Meanwhile, in cases where macro- or micrometastasis is detected in the frozen sections during intraoperative pathologic examination, the surgery will be converted immediately to a standard gastrectomy with lymphadenectomy, as suggested in the Japanese gastric cancer treatment guidelines.[1]

Control group

The patients allocated to the control group will undergo standard laparoscopic gastrectomy, which includes laparoscopic distal gastrectomy, laparoscopic total gastrectomy, laparoscopic proximal gastrectomy, and laparoscopic pylorus-preserving gastrectomy, with D1+ or more lymphadenectomy [1].
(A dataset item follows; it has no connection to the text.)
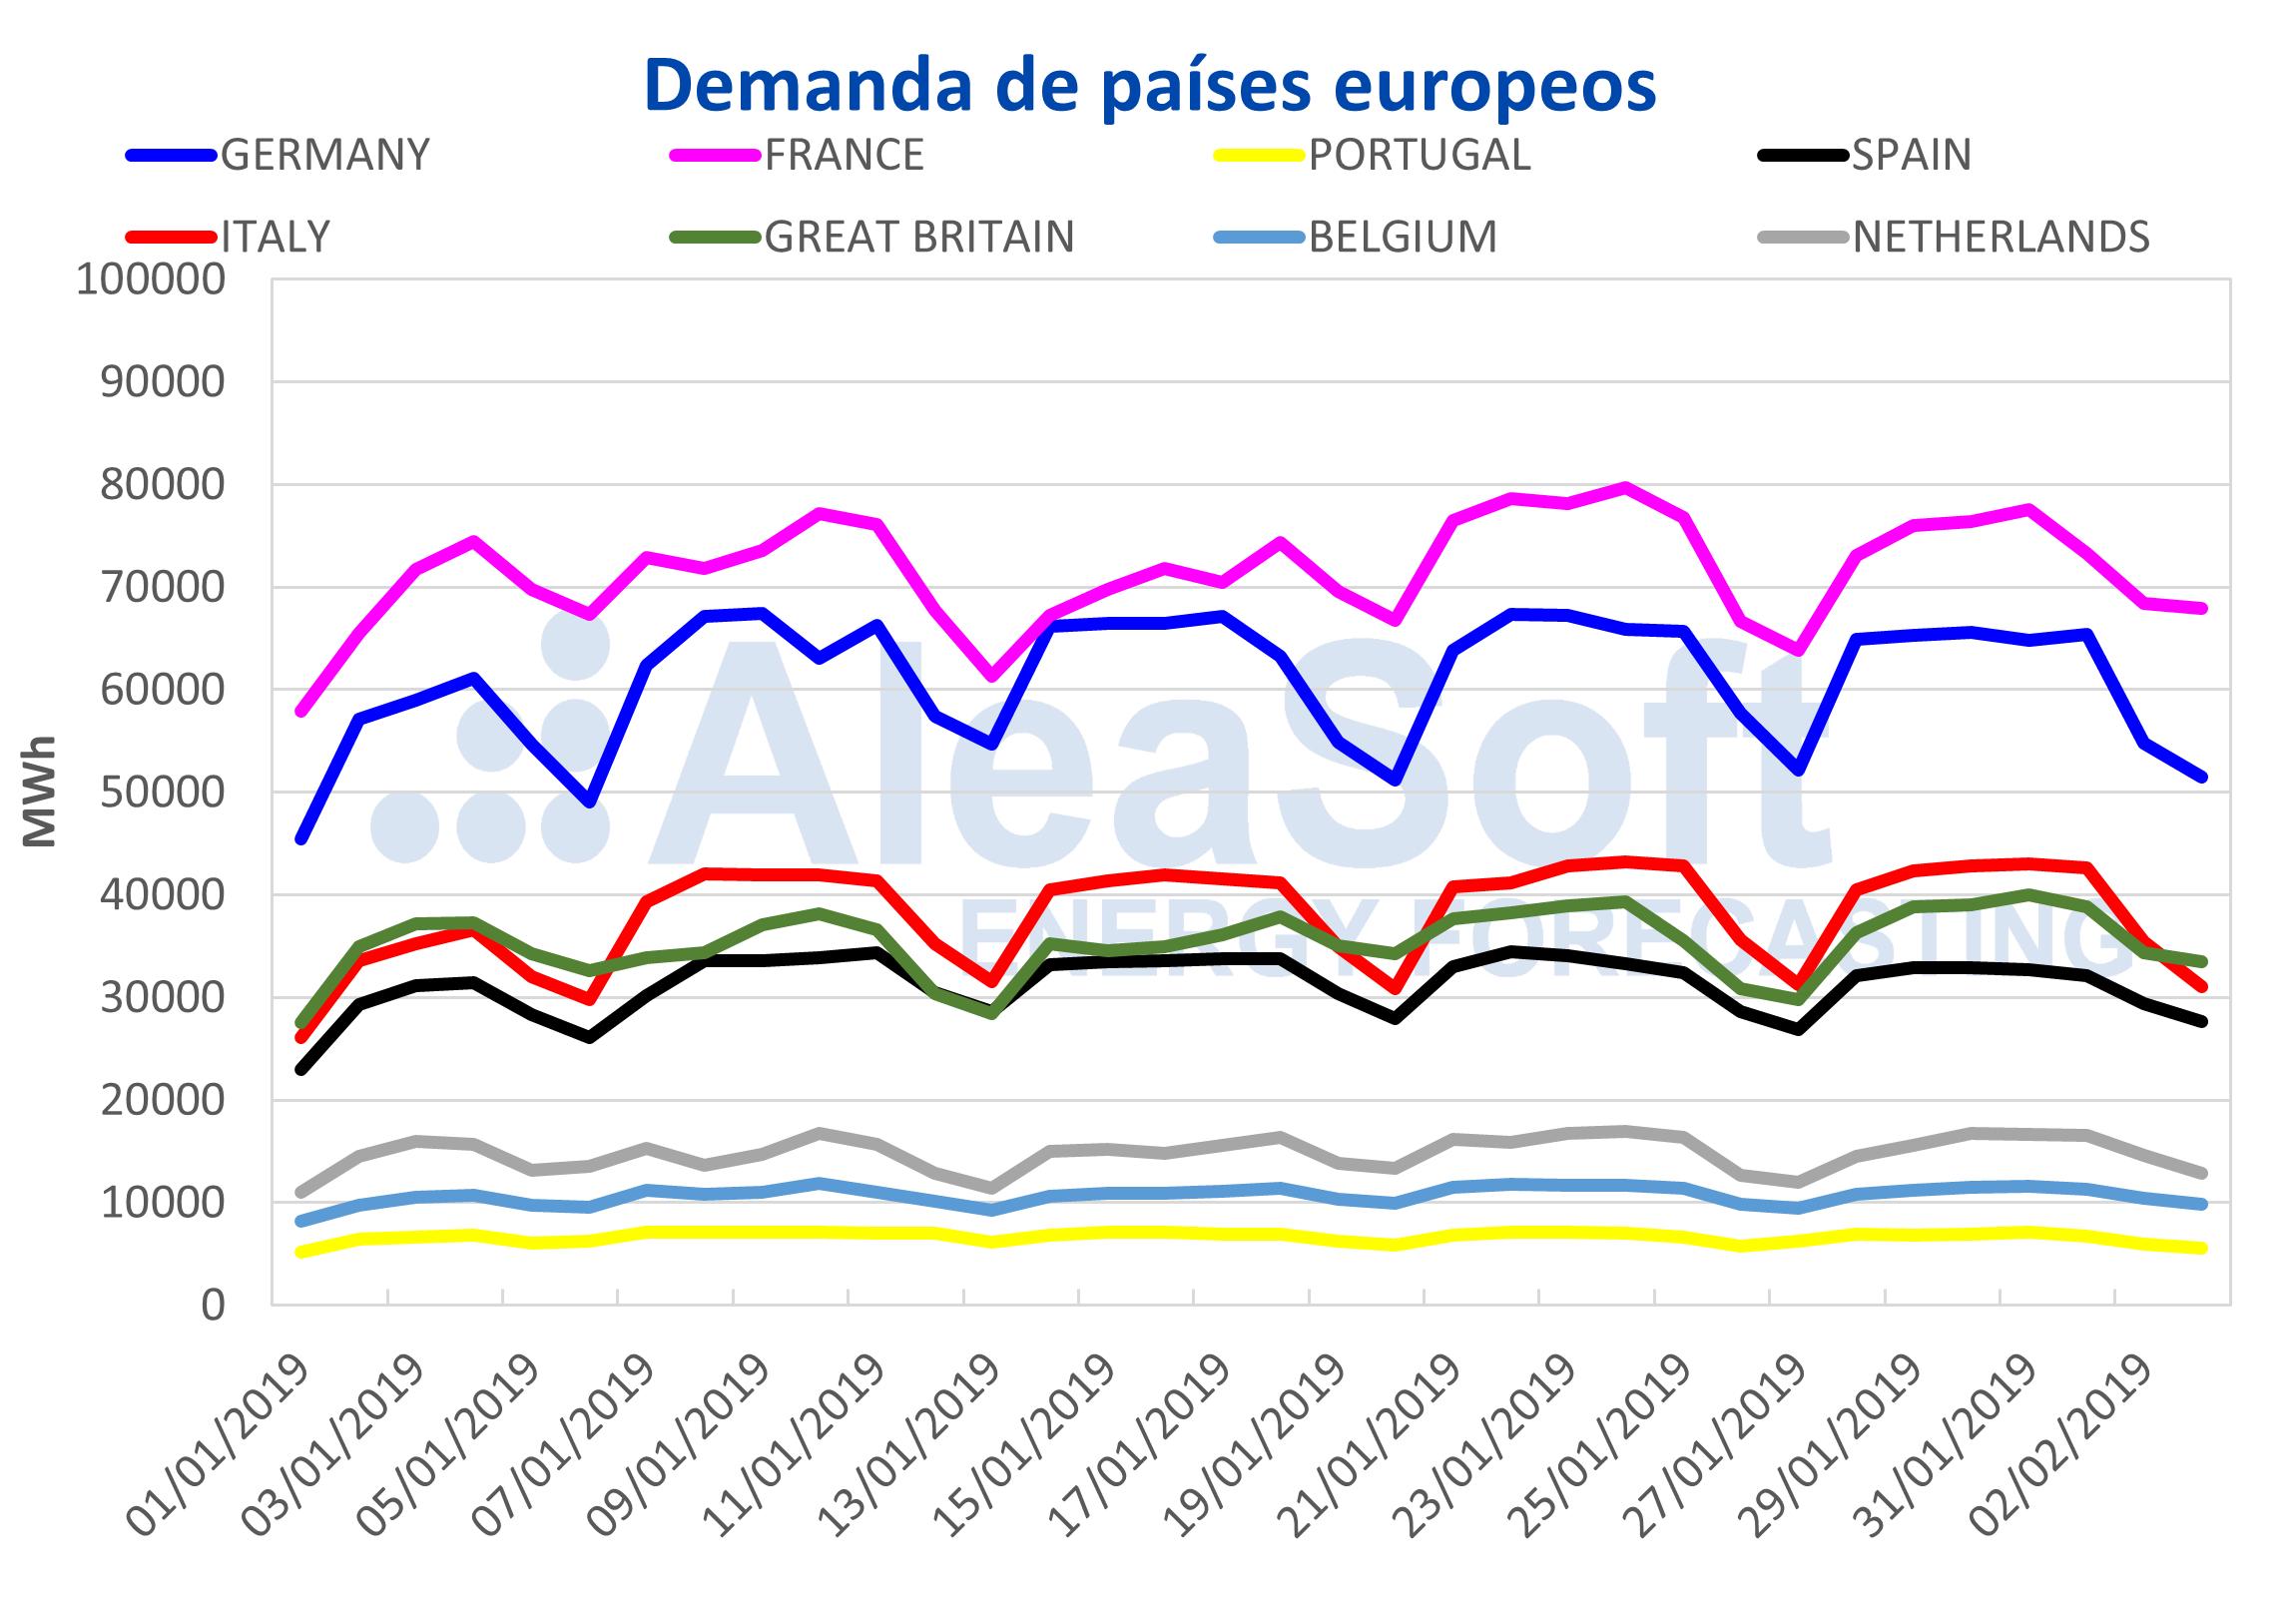 AleaSoft - Demanda de paises europeos

Postoperative follow-up schedule

All patients enrolled in this trial will be followed up regularly at stated intervals after the surgery. During the follow-up visits, patients will undergo laboratory tests, endoscopy, abdominal computed tomography, and QOL evaluation as described in Table 2.
Table 2

Summary of the follow-up visit schedule and assessed parameters at each time point

 

Preoperative

1 M

3 M

6 M

12 M

18 M

24Y

30 M

36 M

42 M

48 M

54 M

60 M

EGD

*

  

*

*

*

*

*

*

 

*

 

*

CT

*

  

*

*

*

*

*

*

 

*

 

*

Laboratory

*

*

*

*

*

*

*

*

*

*

*

*

*

QOL

*

 

*

 

*

 

*

 

*

    

EGD esophagogastroduodenoscopy, CT computed tomography, QOL quality of life

* Evaluation at the designated time point

Outcome measurement

Primary outcome

The primary endpoint of the SENORITA trial is 3-year DFS of laparoscopic stomach-preserving surgery with SBD compared to that of conventional laparoscopic gastrectomy with lymphadenectomy in gastric cancer patients diagnosed as clinical stage T1N0M0. To assess DFS in this trial, the criteria for the event is as follows: recurrence of the primary tumor at resection margins, metachronous cancer development at the remnant stomach, histologically proven or radiologically apparent recurrence in the peritoneal cavity including intraabdominal lymph nodes, distant metastasis, newly developed malignancy in other organs, and other cause of death.

Secondary outcomes

The secondary endpoints of this trial include postoperative morbidity and mortality, QOL, and 5-year DFS and overall survival. Postoperative morbidity and mortality occurring within 30 days after the surgery will be reported and graded according to the modified Clavien-Dindo severity classification [21].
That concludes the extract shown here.